### Information supplied
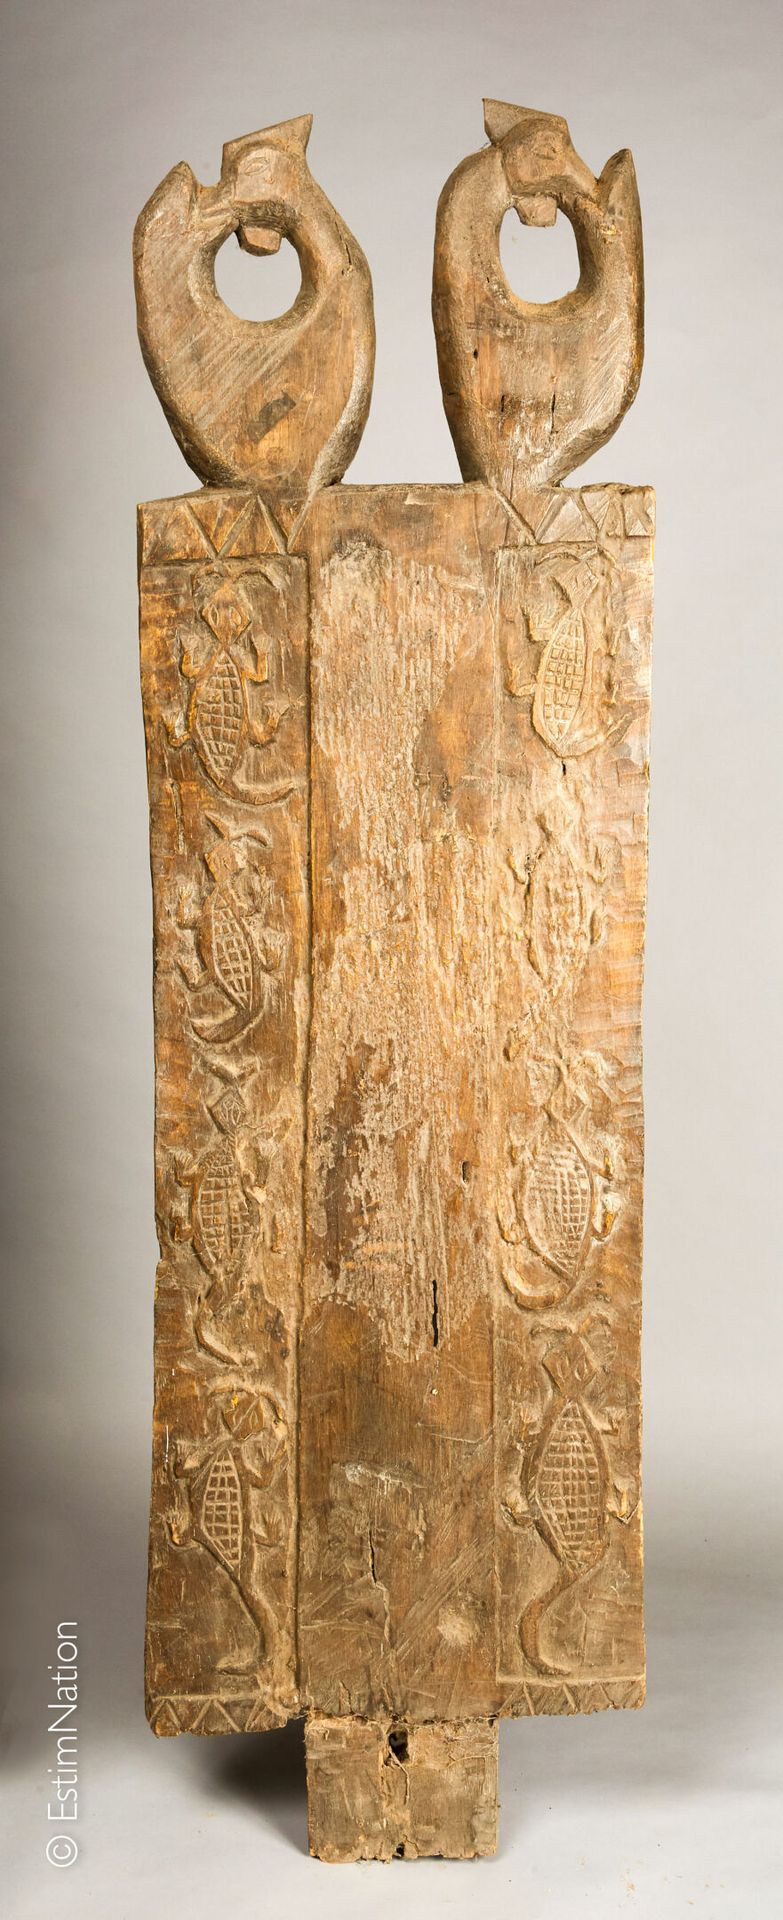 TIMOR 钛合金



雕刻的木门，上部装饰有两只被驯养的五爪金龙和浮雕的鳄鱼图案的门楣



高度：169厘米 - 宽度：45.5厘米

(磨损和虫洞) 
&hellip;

### What the task asks
An exact copy of every entry above is needed, minus the pictures.

### Answer below
 TIMOR 钛合金



雕刻的木门，上部装饰有两只被驯养的五爪金龙和浮雕的鳄鱼图案的门楣



高度：169厘米 - 宽度：45.5厘米

(磨损和虫洞) 
&hellip;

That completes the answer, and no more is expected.